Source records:
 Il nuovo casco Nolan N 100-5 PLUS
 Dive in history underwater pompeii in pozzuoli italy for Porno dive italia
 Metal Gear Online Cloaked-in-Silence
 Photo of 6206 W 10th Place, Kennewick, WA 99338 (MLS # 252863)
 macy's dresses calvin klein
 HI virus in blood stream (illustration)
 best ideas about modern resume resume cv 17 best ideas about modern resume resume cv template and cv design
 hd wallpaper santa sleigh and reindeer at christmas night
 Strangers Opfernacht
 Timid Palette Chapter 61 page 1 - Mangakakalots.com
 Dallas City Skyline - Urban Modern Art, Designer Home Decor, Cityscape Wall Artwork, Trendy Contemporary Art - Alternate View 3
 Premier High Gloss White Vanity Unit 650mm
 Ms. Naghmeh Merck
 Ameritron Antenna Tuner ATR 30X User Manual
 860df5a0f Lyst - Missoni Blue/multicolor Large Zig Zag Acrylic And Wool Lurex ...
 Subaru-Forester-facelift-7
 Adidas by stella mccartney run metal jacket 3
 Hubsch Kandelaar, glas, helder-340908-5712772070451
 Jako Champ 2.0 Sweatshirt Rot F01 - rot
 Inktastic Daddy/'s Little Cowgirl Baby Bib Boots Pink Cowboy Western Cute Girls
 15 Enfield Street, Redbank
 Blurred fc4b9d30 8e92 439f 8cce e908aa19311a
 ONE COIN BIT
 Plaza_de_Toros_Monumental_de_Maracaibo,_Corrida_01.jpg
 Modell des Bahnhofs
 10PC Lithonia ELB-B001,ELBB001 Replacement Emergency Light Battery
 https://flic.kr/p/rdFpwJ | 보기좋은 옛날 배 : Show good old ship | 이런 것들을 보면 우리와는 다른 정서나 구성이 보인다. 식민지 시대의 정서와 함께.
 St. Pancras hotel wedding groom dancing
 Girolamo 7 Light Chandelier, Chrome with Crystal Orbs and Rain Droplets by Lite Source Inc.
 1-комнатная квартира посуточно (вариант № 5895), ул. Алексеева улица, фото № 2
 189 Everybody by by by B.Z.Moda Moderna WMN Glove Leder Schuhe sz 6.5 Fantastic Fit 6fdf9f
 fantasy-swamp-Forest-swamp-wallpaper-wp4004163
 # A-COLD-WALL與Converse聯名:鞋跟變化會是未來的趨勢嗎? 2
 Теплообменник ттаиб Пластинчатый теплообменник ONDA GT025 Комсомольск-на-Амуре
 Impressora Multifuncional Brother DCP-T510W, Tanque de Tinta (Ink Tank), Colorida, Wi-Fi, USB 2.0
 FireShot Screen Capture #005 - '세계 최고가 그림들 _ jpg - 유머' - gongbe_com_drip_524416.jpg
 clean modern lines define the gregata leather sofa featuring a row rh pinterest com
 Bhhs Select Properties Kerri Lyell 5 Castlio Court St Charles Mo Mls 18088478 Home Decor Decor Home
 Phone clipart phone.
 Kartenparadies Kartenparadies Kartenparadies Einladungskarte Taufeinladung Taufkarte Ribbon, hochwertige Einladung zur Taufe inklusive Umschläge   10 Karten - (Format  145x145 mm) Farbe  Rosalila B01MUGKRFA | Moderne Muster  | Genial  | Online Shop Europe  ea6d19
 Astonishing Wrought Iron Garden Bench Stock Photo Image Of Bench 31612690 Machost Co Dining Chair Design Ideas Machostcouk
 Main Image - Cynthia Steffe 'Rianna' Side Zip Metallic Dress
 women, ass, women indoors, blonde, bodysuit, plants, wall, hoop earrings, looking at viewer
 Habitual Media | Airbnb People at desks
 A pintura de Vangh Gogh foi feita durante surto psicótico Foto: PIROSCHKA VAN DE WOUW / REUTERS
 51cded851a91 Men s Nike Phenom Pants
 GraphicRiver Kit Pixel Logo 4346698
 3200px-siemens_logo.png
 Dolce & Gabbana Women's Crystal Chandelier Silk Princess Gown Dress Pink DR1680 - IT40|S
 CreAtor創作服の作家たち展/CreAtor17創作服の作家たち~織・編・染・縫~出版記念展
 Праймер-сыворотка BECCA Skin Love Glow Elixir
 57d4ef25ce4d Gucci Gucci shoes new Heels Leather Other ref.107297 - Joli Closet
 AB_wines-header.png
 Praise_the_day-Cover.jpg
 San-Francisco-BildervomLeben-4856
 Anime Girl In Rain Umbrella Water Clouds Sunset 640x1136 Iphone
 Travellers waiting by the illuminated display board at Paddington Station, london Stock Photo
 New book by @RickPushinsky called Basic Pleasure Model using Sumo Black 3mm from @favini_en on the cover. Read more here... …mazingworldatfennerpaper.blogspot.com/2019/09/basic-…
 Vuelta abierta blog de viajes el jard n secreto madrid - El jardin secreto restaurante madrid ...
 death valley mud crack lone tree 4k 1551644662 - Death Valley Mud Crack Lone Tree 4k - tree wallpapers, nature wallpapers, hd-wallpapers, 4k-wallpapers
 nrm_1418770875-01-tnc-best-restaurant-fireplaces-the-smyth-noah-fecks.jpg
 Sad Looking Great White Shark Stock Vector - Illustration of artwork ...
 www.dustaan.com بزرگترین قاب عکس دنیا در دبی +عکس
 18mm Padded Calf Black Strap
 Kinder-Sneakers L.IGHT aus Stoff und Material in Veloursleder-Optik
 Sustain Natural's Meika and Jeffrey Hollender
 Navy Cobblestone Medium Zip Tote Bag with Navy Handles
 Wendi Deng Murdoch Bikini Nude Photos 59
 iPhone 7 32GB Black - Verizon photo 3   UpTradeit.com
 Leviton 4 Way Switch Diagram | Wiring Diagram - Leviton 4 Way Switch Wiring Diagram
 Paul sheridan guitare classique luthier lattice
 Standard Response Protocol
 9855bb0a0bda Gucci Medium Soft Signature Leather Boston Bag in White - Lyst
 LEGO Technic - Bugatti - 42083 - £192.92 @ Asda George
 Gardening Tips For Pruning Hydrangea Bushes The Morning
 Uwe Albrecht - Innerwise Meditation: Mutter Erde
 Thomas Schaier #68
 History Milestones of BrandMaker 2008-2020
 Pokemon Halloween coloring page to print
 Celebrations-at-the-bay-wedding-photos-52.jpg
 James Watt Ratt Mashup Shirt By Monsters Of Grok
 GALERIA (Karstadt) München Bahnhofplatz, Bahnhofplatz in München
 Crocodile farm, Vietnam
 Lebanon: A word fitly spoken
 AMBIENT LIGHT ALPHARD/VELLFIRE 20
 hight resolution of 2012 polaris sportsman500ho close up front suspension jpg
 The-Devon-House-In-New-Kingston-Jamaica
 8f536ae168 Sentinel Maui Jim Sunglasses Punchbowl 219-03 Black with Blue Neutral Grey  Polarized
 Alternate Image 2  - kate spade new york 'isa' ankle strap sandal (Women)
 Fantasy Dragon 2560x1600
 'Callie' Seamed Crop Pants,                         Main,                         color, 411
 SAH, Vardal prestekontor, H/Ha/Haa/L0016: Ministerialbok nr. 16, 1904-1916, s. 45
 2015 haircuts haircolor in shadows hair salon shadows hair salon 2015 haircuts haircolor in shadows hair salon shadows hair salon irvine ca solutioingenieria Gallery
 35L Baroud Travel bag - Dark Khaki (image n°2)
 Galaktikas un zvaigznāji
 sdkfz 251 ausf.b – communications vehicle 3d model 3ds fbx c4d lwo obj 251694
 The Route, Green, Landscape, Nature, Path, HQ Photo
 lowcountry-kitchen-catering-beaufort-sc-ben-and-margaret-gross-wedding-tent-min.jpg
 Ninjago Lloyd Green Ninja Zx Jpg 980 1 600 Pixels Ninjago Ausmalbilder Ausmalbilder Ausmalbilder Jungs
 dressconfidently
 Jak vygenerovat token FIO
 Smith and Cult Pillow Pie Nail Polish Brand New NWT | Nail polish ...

Your assignment:
Give the records above again, word for word.

Expected answer:
 Il nuovo casco Nolan N 100-5 PLUS
 Dive in history underwater pompeii in pozzuoli italy for Porno dive italia
 Metal Gear Online Cloaked-in-Silence
 Photo of 6206 W 10th Place, Kennewick, WA 99338 (MLS # 252863)
 macy's dresses calvin klein
 HI virus in blood stream (illustration)
 best ideas about modern resume resume cv 17 best ideas about modern resume resume cv template and cv design
 hd wallpaper santa sleigh and reindeer at christmas night
 Strangers Opfernacht
 Timid Palette Chapter 61 page 1 - Mangakakalots.com
 Dallas City Skyline - Urban Modern Art, Designer Home Decor, Cityscape Wall Artwork, Trendy Contemporary Art - Alternate View 3
 Premier High Gloss White Vanity Unit 650mm
 Ms. Naghmeh Merck
 Ameritron Antenna Tuner ATR 30X User Manual
 860df5a0f Lyst - Missoni Blue/multicolor Large Zig Zag Acrylic And Wool Lurex ...
 Subaru-Forester-facelift-7
 Adidas by stella mccartney run metal jacket 3
 Hubsch Kandelaar, glas, helder-340908-5712772070451
 Jako Champ 2.0 Sweatshirt Rot F01 - rot
 Inktastic Daddy/'s Little Cowgirl Baby Bib Boots Pink Cowboy Western Cute Girls
 15 Enfield Street, Redbank
 Blurred fc4b9d30 8e92 439f 8cce e908aa19311a
 ONE COIN BIT
 Plaza_de_Toros_Monumental_de_Maracaibo,_Corrida_01.jpg
 Modell des Bahnhofs
 10PC Lithonia ELB-B001,ELBB001 Replacement Emergency Light Battery
 https://flic.kr/p/rdFpwJ | 보기좋은 옛날 배 : Show good old ship | 이런 것들을 보면 우리와는 다른 정서나 구성이 보인다. 식민지 시대의 정서와 함께.
 St. Pancras hotel wedding groom dancing
 Girolamo 7 Light Chandelier, Chrome with Crystal Orbs and Rain Droplets by Lite Source Inc.
 1-комнатная квартира посуточно (вариант № 5895), ул. Алексеева улица, фото № 2
 189 Everybody by by by B.Z.Moda Moderna WMN Glove Leder Schuhe sz 6.5 Fantastic Fit 6fdf9f
 fantasy-swamp-Forest-swamp-wallpaper-wp4004163
 # A-COLD-WALL與Converse聯名:鞋跟變化會是未來的趨勢嗎? 2
 Теплообменник ттаиб Пластинчатый теплообменник ONDA GT025 Комсомольск-на-Амуре
 Impressora Multifuncional Brother DCP-T510W, Tanque de Tinta (Ink Tank), Colorida, Wi-Fi, USB 2.0
 FireShot Screen Capture #005 - '세계 최고가 그림들 _ jpg - 유머' - gongbe_com_drip_524416.jpg
 clean modern lines define the gregata leather sofa featuring a row rh pinterest com
 Bhhs Select Properties Kerri Lyell 5 Castlio Court St Charles Mo Mls 18088478 Home Decor Decor Home
 Phone clipart phone.
 Kartenparadies Kartenparadies Kartenparadies Einladungskarte Taufeinladung Taufkarte Ribbon, hochwertige Einladung zur Taufe inklusive Umschläge   10 Karten - (Format  145x145 mm) Farbe  Rosalila B01MUGKRFA | Moderne Muster  | Genial  | Online Shop Europe  ea6d19
 Astonishing Wrought Iron Garden Bench Stock Photo Image Of Bench 31612690 Machost Co Dining Chair Design Ideas Machostcouk
 Main Image - Cynthia Steffe 'Rianna' Side Zip Metallic Dress
 women, ass, women indoors, blonde, bodysuit, plants, wall, hoop earrings, looking at viewer
 Habitual Media | Airbnb People at desks
 A pintura de Vangh Gogh foi feita durante surto psicótico Foto: PIROSCHKA VAN DE WOUW / REUTERS
 51cded851a91 Men s Nike Phenom Pants
 GraphicRiver Kit Pixel Logo 4346698
 3200px-siemens_logo.png
 Dolce & Gabbana Women's Crystal Chandelier Silk Princess Gown Dress Pink DR1680 - IT40|S
 CreAtor創作服の作家たち展/CreAtor17創作服の作家たち~織・編・染・縫~出版記念展
 Праймер-сыворотка BECCA Skin Love Glow Elixir
 57d4ef25ce4d Gucci Gucci shoes new Heels Leather Other ref.107297 - Joli Closet
 AB_wines-header.png
 Praise_the_day-Cover.jpg
 San-Francisco-BildervomLeben-4856
 Anime Girl In Rain Umbrella Water Clouds Sunset 640x1136 Iphone
 Travellers waiting by the illuminated display board at Paddington Station, london Stock Photo
 New book by @RickPushinsky called Basic Pleasure Model using Sumo Black 3mm from @favini_en on the cover. Read more here... …mazingworldatfennerpaper.blogspot.com/2019/09/basic-…
 Vuelta abierta blog de viajes el jard n secreto madrid - El jardin secreto restaurante madrid ...
 death valley mud crack lone tree 4k 1551644662 - Death Valley Mud Crack Lone Tree 4k - tree wallpapers, nature wallpapers, hd-wallpapers, 4k-wallpapers
 nrm_1418770875-01-tnc-best-restaurant-fireplaces-the-smyth-noah-fecks.jpg
 Sad Looking Great White Shark Stock Vector - Illustration of artwork ...
 www.dustaan.com بزرگترین قاب عکس دنیا در دبی +عکس
 18mm Padded Calf Black Strap
 Kinder-Sneakers L.IGHT aus Stoff und Material in Veloursleder-Optik
 Sustain Natural's Meika and Jeffrey Hollender
 Navy Cobblestone Medium Zip Tote Bag with Navy Handles
 Wendi Deng Murdoch Bikini Nude Photos 59
 iPhone 7 32GB Black - Verizon photo 3   UpTradeit.com
 Leviton 4 Way Switch Diagram | Wiring Diagram - Leviton 4 Way Switch Wiring Diagram
 Paul sheridan guitare classique luthier lattice
 Standard Response Protocol
 9855bb0a0bda Gucci Medium Soft Signature Leather Boston Bag in White - Lyst
 LEGO Technic - Bugatti - 42083 - £192.92 @ Asda George
 Gardening Tips For Pruning Hydrangea Bushes The Morning
 Uwe Albrecht - Innerwise Meditation: Mutter Erde
 Thomas Schaier #68
 History Milestones of BrandMaker 2008-2020
 Pokemon Halloween coloring page to print
 Celebrations-at-the-bay-wedding-photos-52.jpg
 James Watt Ratt Mashup Shirt By Monsters Of Grok
 GALERIA (Karstadt) München Bahnhofplatz, Bahnhofplatz in München
 Crocodile farm, Vietnam
 Lebanon: A word fitly spoken
 AMBIENT LIGHT ALPHARD/VELLFIRE 20
 hight resolution of 2012 polaris sportsman500ho close up front suspension jpg
 The-Devon-House-In-New-Kingston-Jamaica
 8f536ae168 Sentinel Maui Jim Sunglasses Punchbowl 219-03 Black with Blue Neutral Grey  Polarized
 Alternate Image 2  - kate spade new york 'isa' ankle strap sandal (Women)
 Fantasy Dragon 2560x1600
 'Callie' Seamed Crop Pants,                         Main,                         color, 411
 SAH, Vardal prestekontor, H/Ha/Haa/L0016: Ministerialbok nr. 16, 1904-1916, s. 45
 2015 haircuts haircolor in shadows hair salon shadows hair salon 2015 haircuts haircolor in shadows hair salon shadows hair salon irvine ca solutioingenieria Gallery
 35L Baroud Travel bag - Dark Khaki (image n°2)
 Galaktikas un zvaigznāji
 sdkfz 251 ausf.b – communications vehicle 3d model 3ds fbx c4d lwo obj 251694
 The Route, Green, Landscape, Nature, Path, HQ Photo
 lowcountry-kitchen-catering-beaufort-sc-ben-and-margaret-gross-wedding-tent-min.jpg
 Ninjago Lloyd Green Ninja Zx Jpg 980 1 600 Pixels Ninjago Ausmalbilder Ausmalbilder Ausmalbilder Jungs
 dressconfidently
 Jak vygenerovat token FIO
 Smith and Cult Pillow Pie Nail Polish Brand New NWT | Nail polish ...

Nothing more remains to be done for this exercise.